Historically, children who have Down Syndrome and motor speech disorder characteristics are diagnosed as also having childhood dysarthria. The new study, published in the International Journal of Speech-Language Pathology, found evidence to suggest that in fact many of these children may suffer from childhood apraxia of speech, a condition that many have assumed doesn’t co-exist with dysarthria.

“Children have been automatically placed in one of those boxes,” said Shelley Velleman, chair of the Department of Communications Sciences and Disorders at the University of Vermont. “When the reality is that many kids have a combination, so you have to look at all of the symptoms and treat the child accordingly or it’s not going to be very helpful.”

Velleman and her team of researchers studied seven children with Down Syndrome compared to typically developing children and analyzed aspects such as their motor speech and non-speech oral motor skills.
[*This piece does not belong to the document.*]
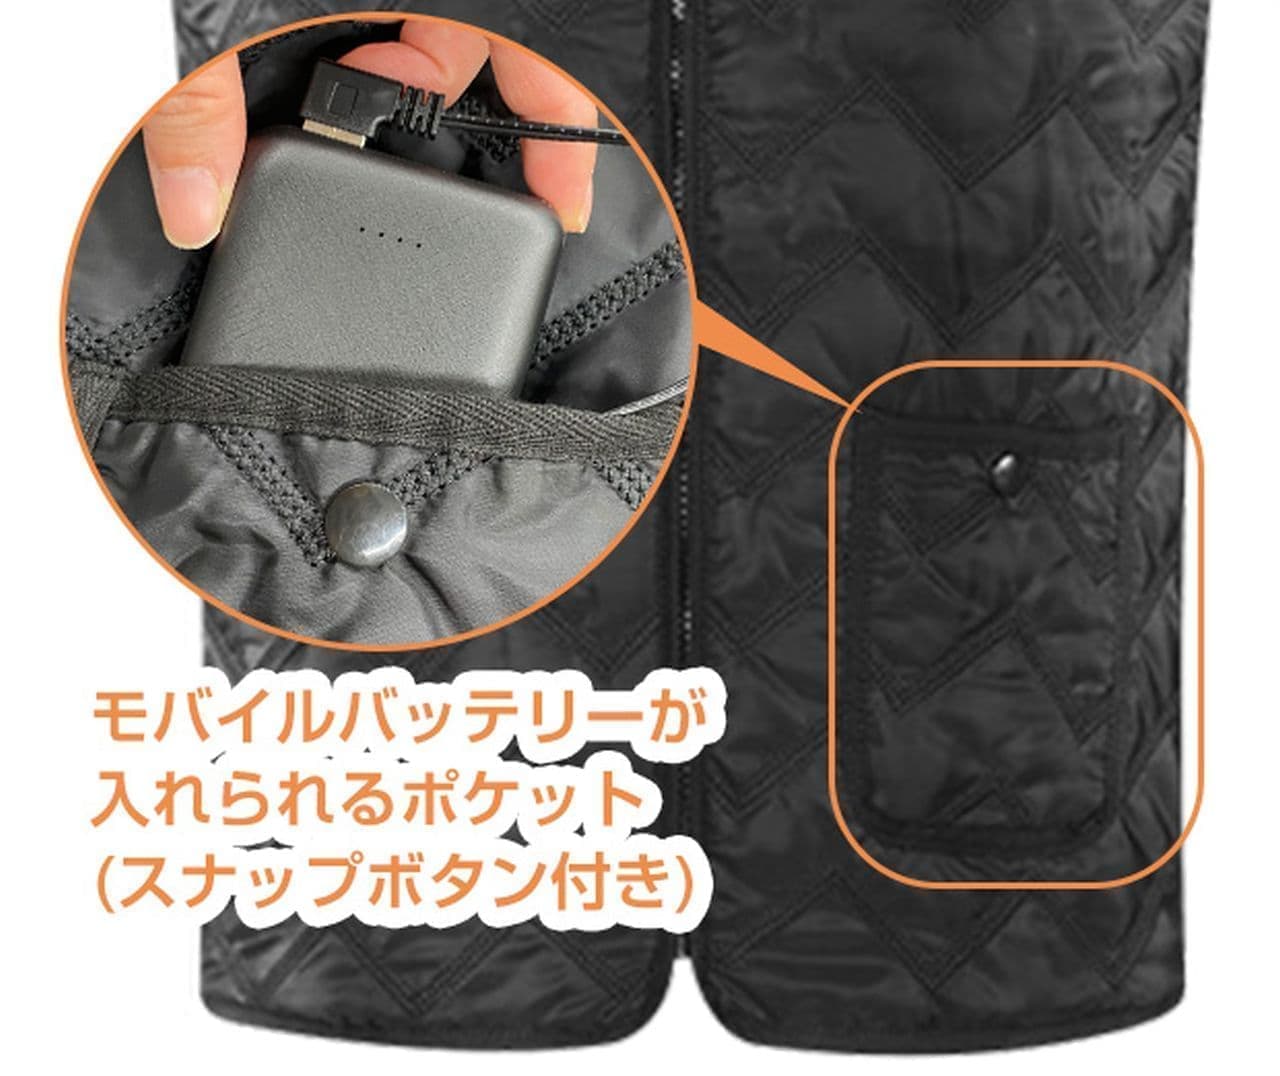 コートの下に着るとなお暖かい モバイルバッテリーで発熱するあったか電熱ベスト

They used a specific checklist of characteristics of apraxia, dysarthria, as well as other non-specified motor speech disorders to try and determine each child’s condition. The results supported Velleman’s hypothesis that children can exhibit symptoms of both conditions and should be treated as such.
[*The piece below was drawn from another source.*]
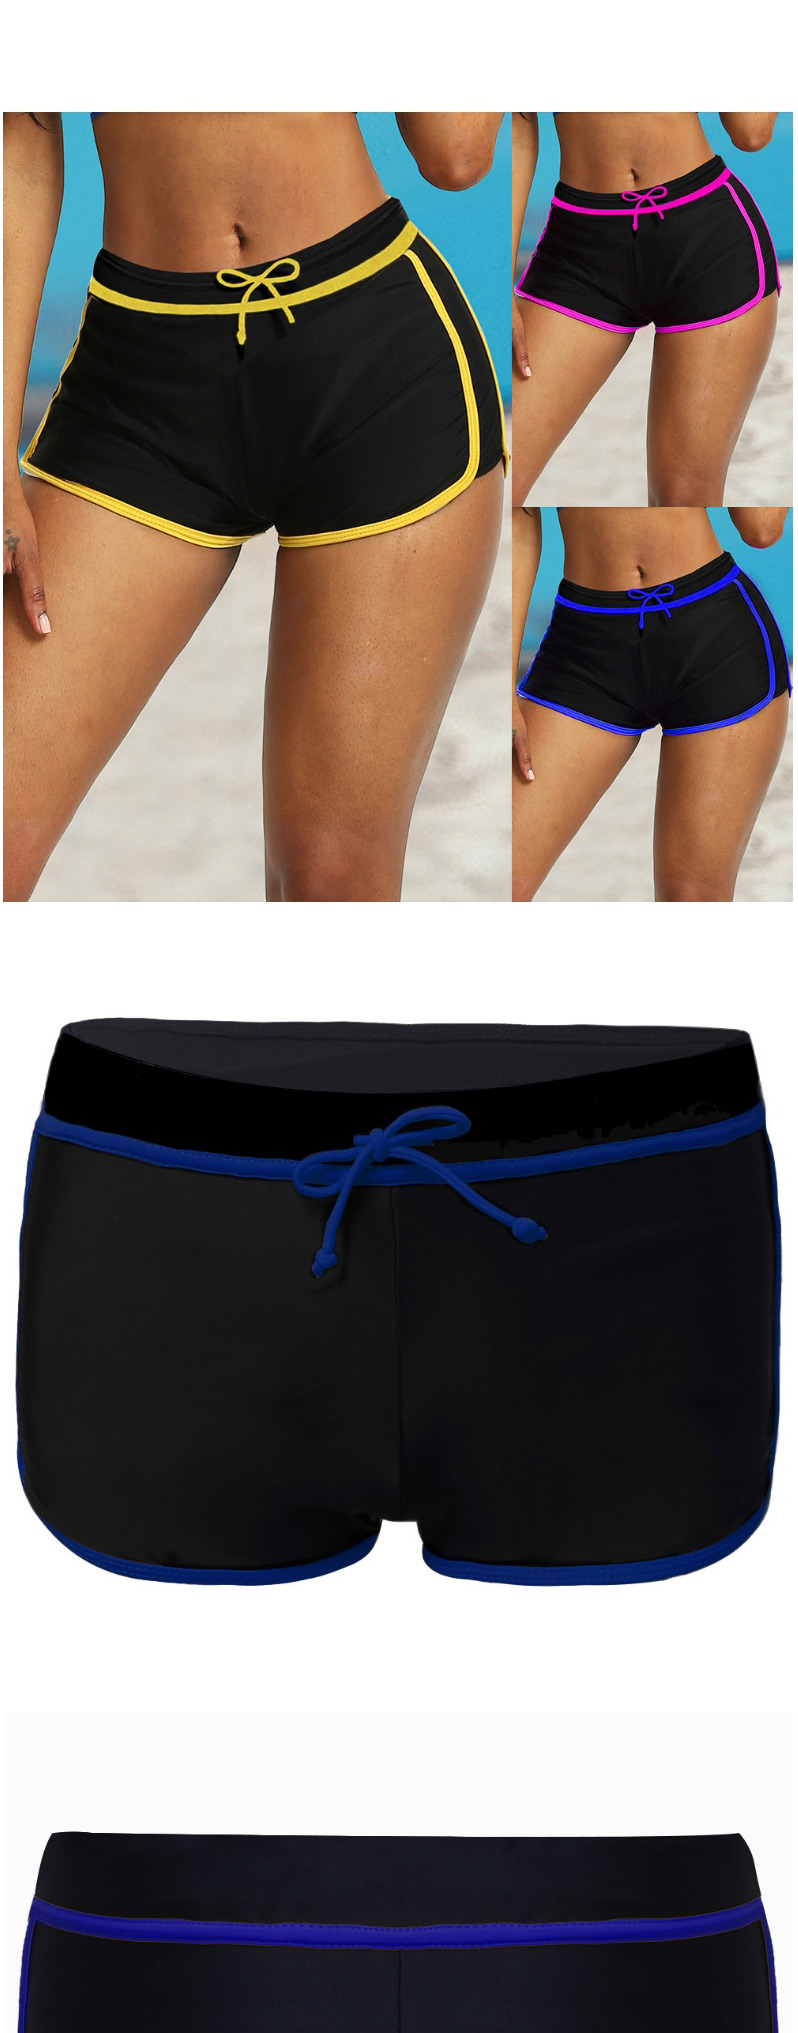 Fashion Blue Skinny Lace-up Short Swim Trunks,Shorts

“Dysarthria is characterized by muscle weakness which decreases the intelligibility of speech, usually in consistent patterns,” explained pediatric speech therapist Kim Lewis, who writes the speech therapy blog Activity Tailor. “Apraxia of speech is not a result of poor muscle strength and errors are inconsistent even on subsequent productions of the same word. Speech-language pathologists focus on improving the production of common words and phrases, getting them ‘automatic’ to improve intelligibility. Addressing motor movements for increasingly longer words is also typical. While in treatment for dysarthria the focus tends to be on improving muscle strength and specific speech sounds.”

Lewis added, “When you focus on improving single speech sounds or muscle strength, it’s as if you are focusing totally on individual ‘steps’ when what a child with apraxia needs is to work on integration or the ‘dance’ of their speech. A qualified speech-language pathologist makes this work feel like play and incorporates the family in treatment so it can happen throughout the day and not just in the therapy session.”

At the end of the day Velleman suggests speech therapists to take the guess work out of treating children who show multiple different disorder conditions and instead treat them for everything they show signs of.